A mother has laid bare the difficulties of caring for a disabled child in a large family amid a cost-of-living crisis.

As prices and energy bills continue to rise, The Northern Echo has spent days on the frontline of Britain’s cost-of-living crisis and listened to those struggling to survive, and the people helping them, amid a time when ever-increasing numbers of people will not be able to afford to eat and heat their homes this winter.

The nurse, who did not give her name, says she cannot see how prices will improve any time soon and is cutting back on everyday costs wherever she can.

She is one of dozens of people who travelled to the Angel Trust in Bishop Auckland on Friday to take advantage of the charity’s new pantry and foodbank facility.

It collects surplus food from local supermarkets and businesses and sells it at a reduced cost for people struggling to pay the increasing prices at other stores.
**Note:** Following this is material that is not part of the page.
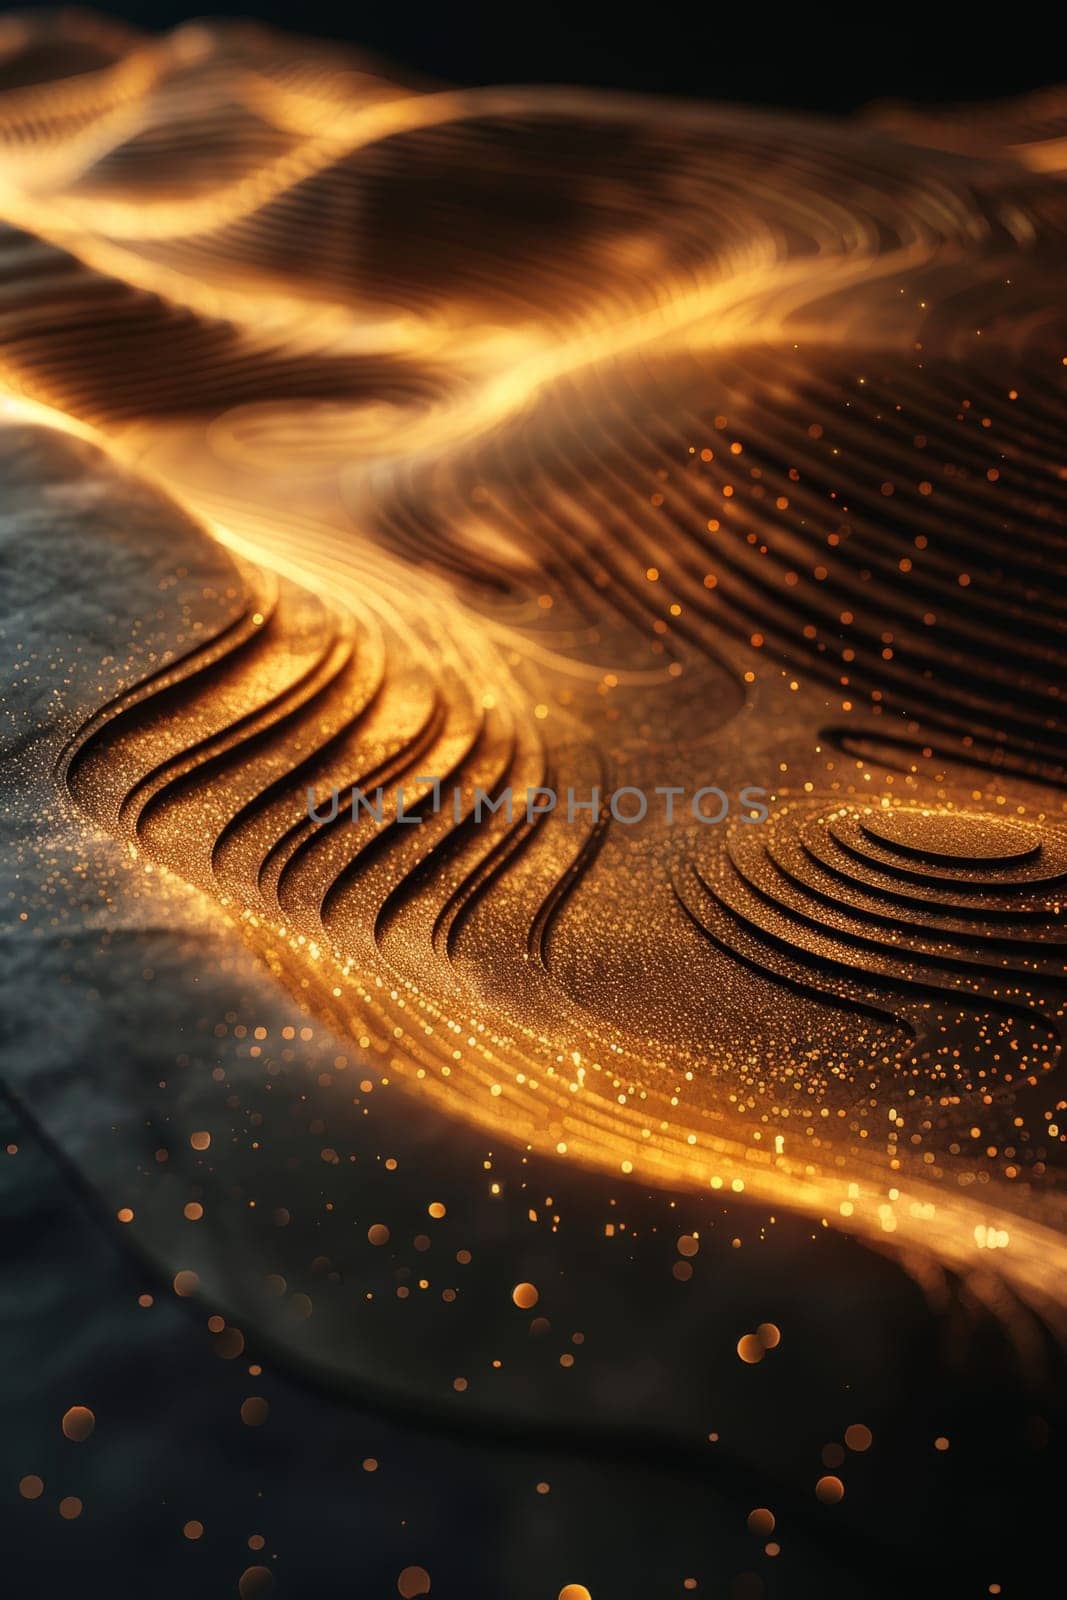 Abstract shiny gold wave design element with glitter effect on a black background by Lobachad

The Northern Echo: The Angel Trust Community Pantry and foodbank. Picture: SARAH CALDECOTT The Angel Trust Community Pantry and foodbank. Picture: SARAH CALDECOTT

The everyday reality of the cost-of-living crisis means families are still coming up short despite working full time partly down to inflated bills. And although she relies on government tax credits for a top-up to her salary, payment restrictions mean she’s missing out on hundreds of pounds.

“Just this week I was able to claim tax credits because I’m only on minimum wage but I did extra shifts during Covid, so I was £46 over the threshold and my credits have been cut by over £600 a month,” she said.
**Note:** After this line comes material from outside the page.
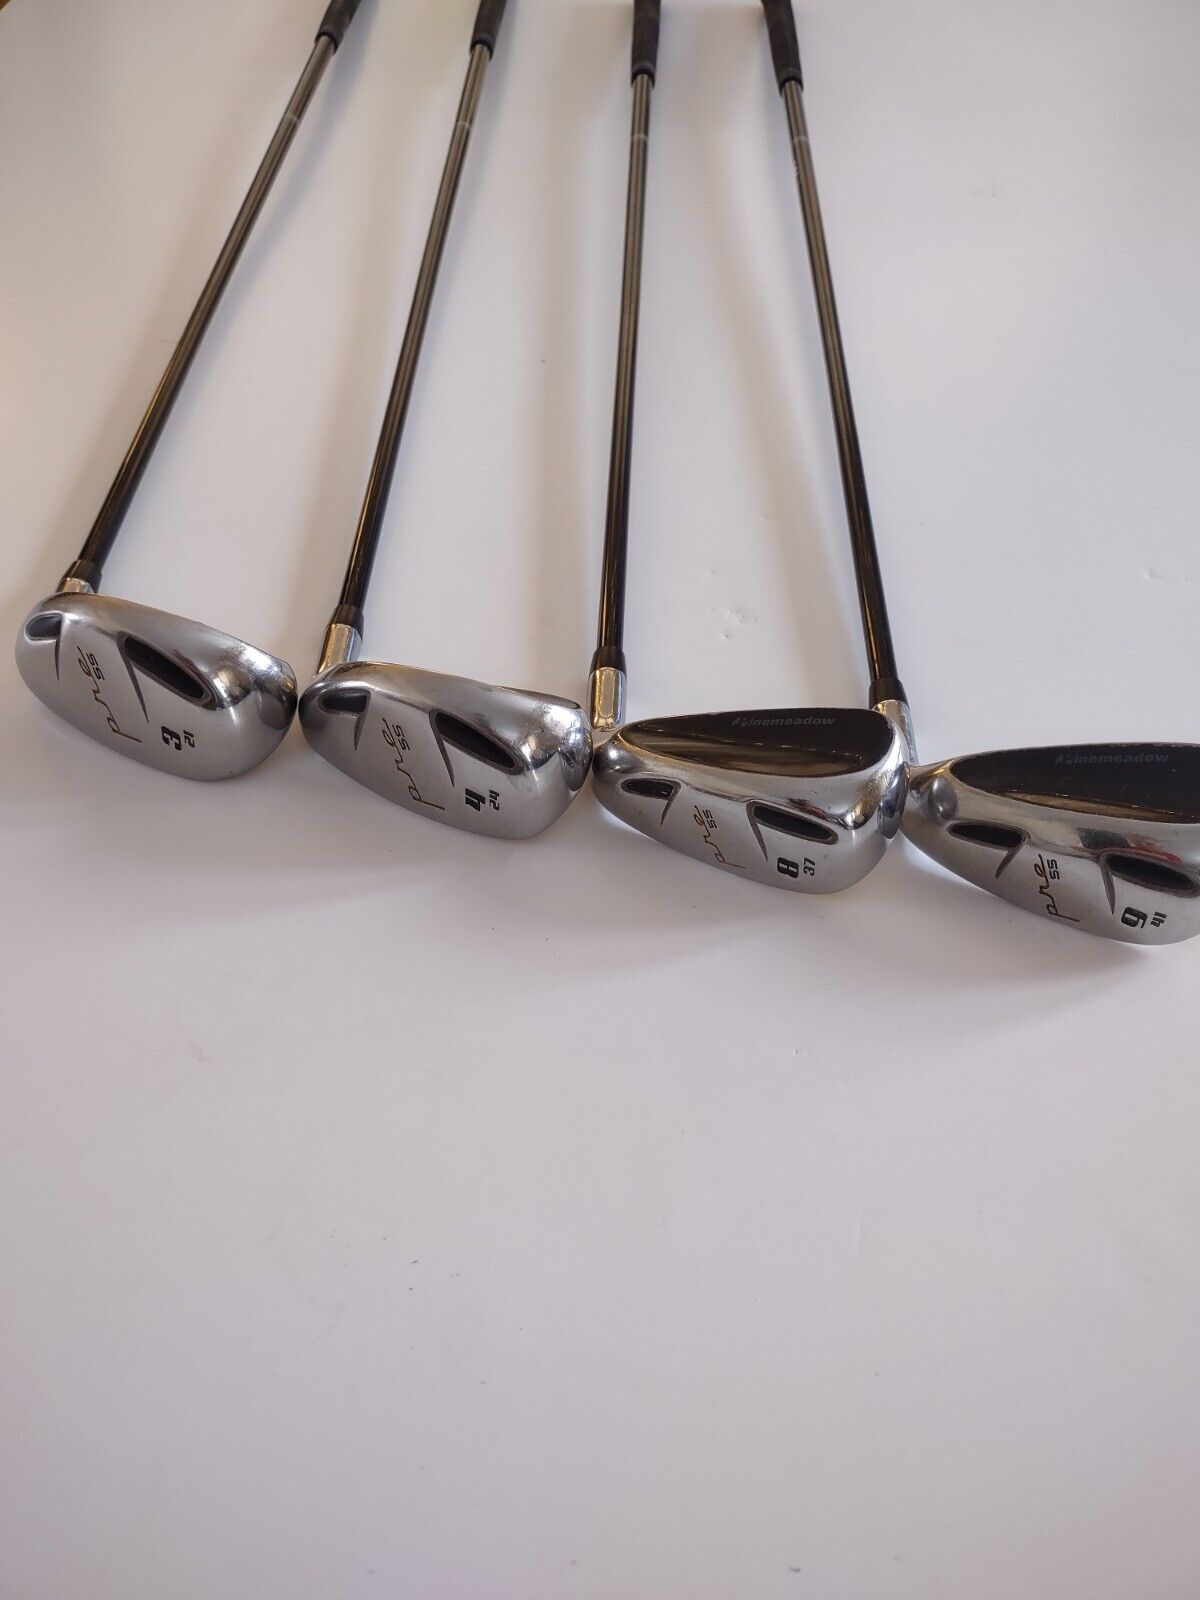 4 PineMeadow Hybrid Pre SS Clubs, 3 4 8 and 9 used in very good condition

“That’s a massive loss to such a big family, and I can’t sustain that, so we need to make saving wherever we can.

“Everything is rising: food, fuel, gas and electric, and wages haven’t gone up to meet rising household expenses.”

The mother said working in NHS is a rewarding job but also high pressure. She added: “It’s not sustainable when you do three 12-hour shifts. You can end up working 50–60 hour weeks but then you have to come home and care for your children.”

The Northern Echo:

The help the Angel Trust and similar charities provide is invaluable to her family – and the launch of the new pantry is hailed as a lifeline.
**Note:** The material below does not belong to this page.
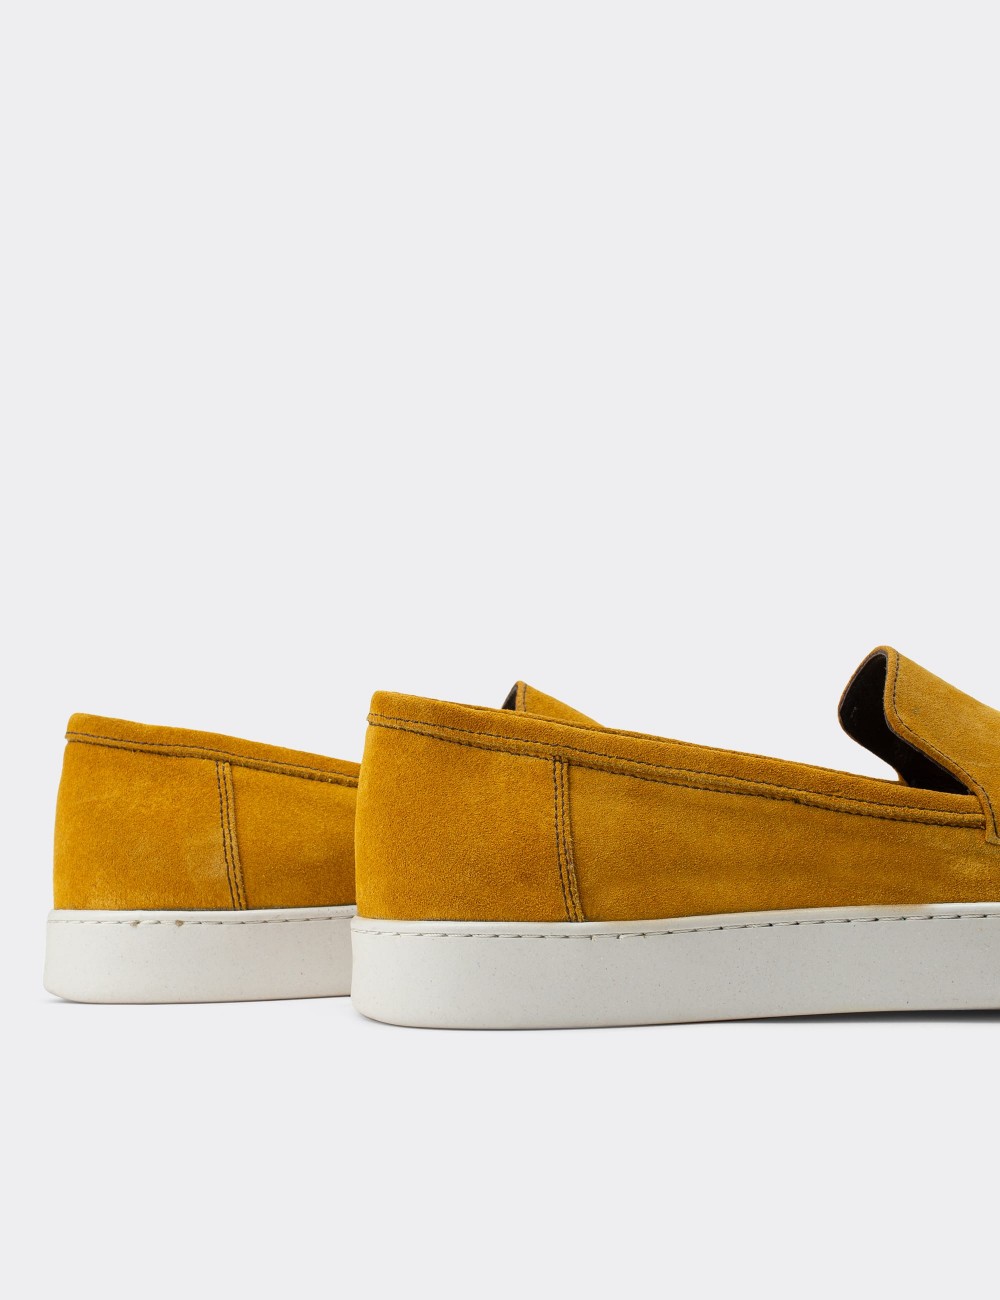 Yellow Suede Leather Loafers - 01865MSRIC01

She explained: “I’ve come here today, spent £20 and I’ve got enough for full meals, breakfast, snacks and treats.

Paying for a family-of-five is costly enough for most families but the extra costs for one of her daughter’s disability requirements further add to their financial worries. Recent electricity bills have totalled £50 a week due to the need to power her daughter’s electrical bed and special equipment.

And despite the issues thousands around the region are going through she isn’t convinced any immediate help from the government is due.

“I don’t see how anything will change but hopefully there will be some help at some point. We’ve come here today to make savings where we can to have a bit more money in our pocket.”